You are viewing a plain text version of this content. The canonical link for it is here.

Posted to dev@nutch.apache.org by Siva Bandhamravuri <sb...@umich.edu> on 2005/04/07 07:42:37 UTC

getTermFreqVector


Hi all,
  I am desperately trying to get the TermFreqVectors using the IndexReader but
always it gives a null value.
Here is the following snippet of code I am doing.

for(int i = 0; i < reader.numDocs(); ++i){
     TermFreqVector dtfv = reader.getTermFreqVector(i,"url");
     if(dtfv != null){
        out.write("\n Document " + i + " has some content in it");
        ++termDocCount;
     }
}

Is something wrong in the code or is something that I missed during creating the
index. I created the index for an intranet using the following command.

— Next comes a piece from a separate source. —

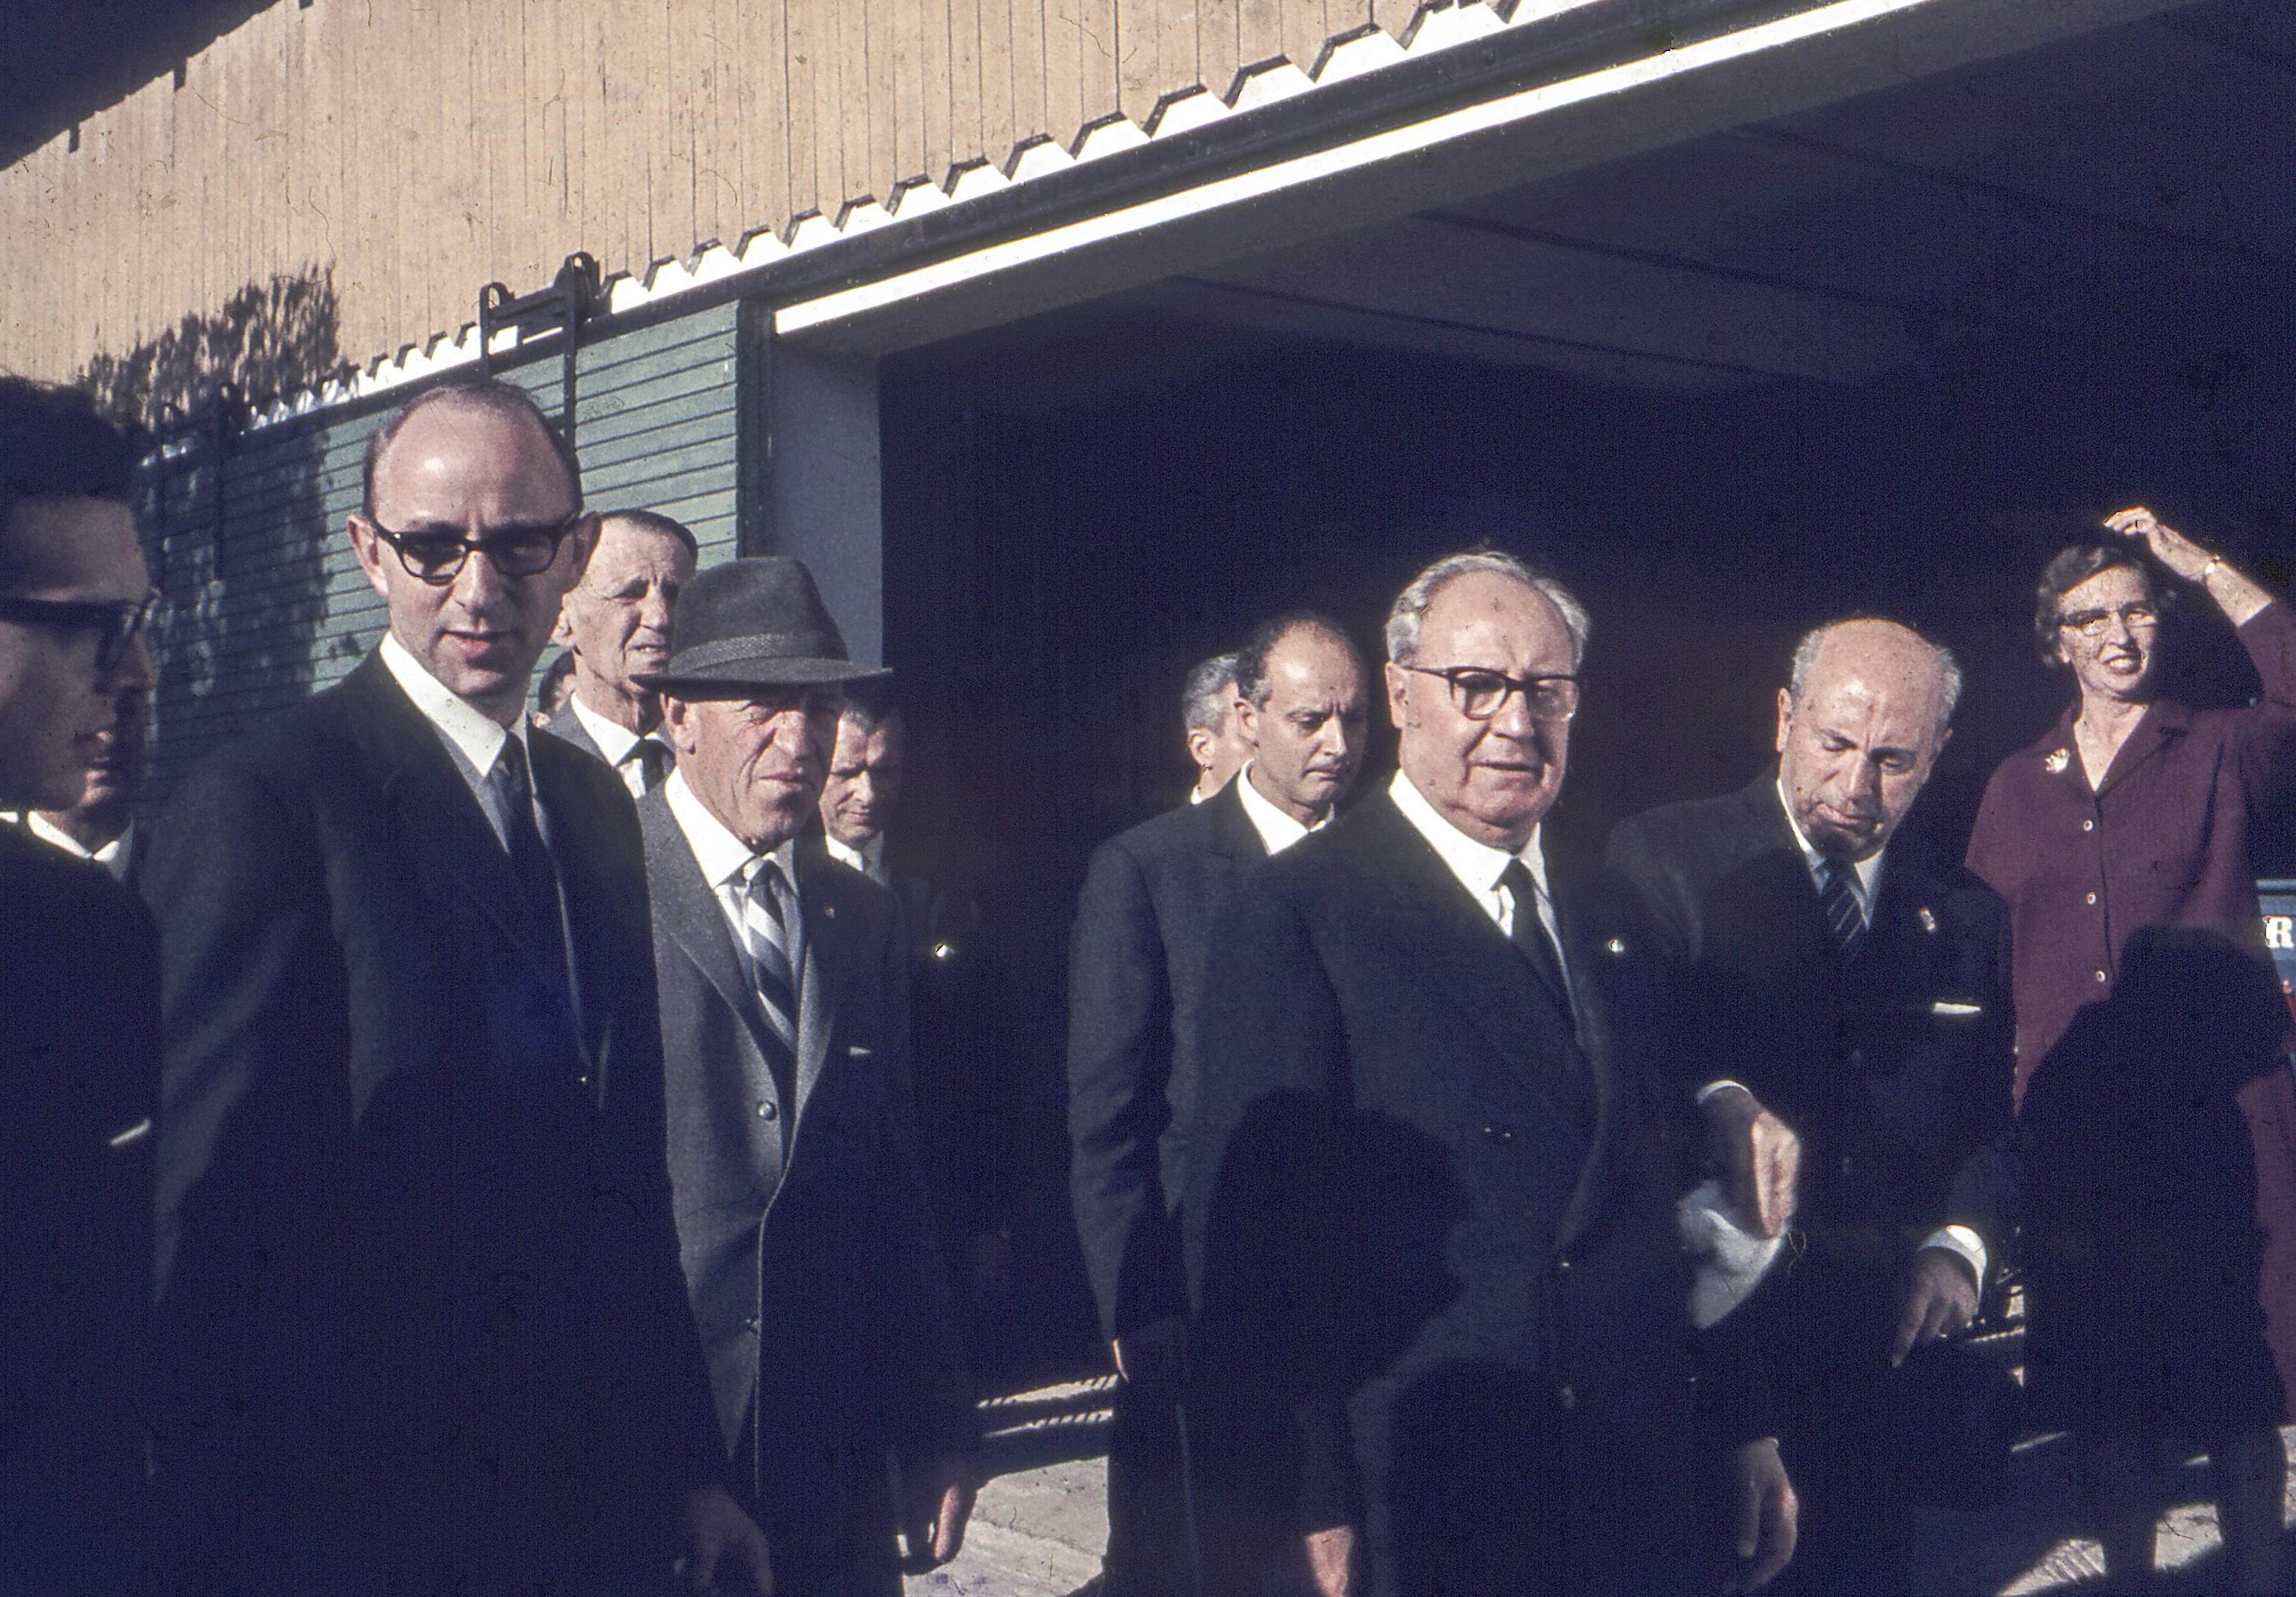 Præsident Giuseppe Saragat med følge. Lystrupvej 31. 1966

bin/nutch crawl urls -dir crawl.test -depth 3 >& crawl.log

Please help
thanks
Siva

Re: getTermFreqVector

Posted by Doug Cutting <cu...@nutch.org>.

Siva Bandhamravuri wrote:
> Is something wrong in the code or is something that I missed during creating the
> index. I created the index for an intranet using the following command.
> 
> bin/nutch crawl urls -dir crawl.test -depth 3 >& crawl.log

Nutch does not create term vector indexes.  This is a Lucene option that 
Nutch does not currently specify.  One could patch the index-basic 
plugin (BasicIndexingFilter.java) to index vectors for various fields if 
indicated in the config file.  For example, one could have a 
indexer.basic.vector.content property that, if true, would cause vectors 
to be created for the content field.

Doug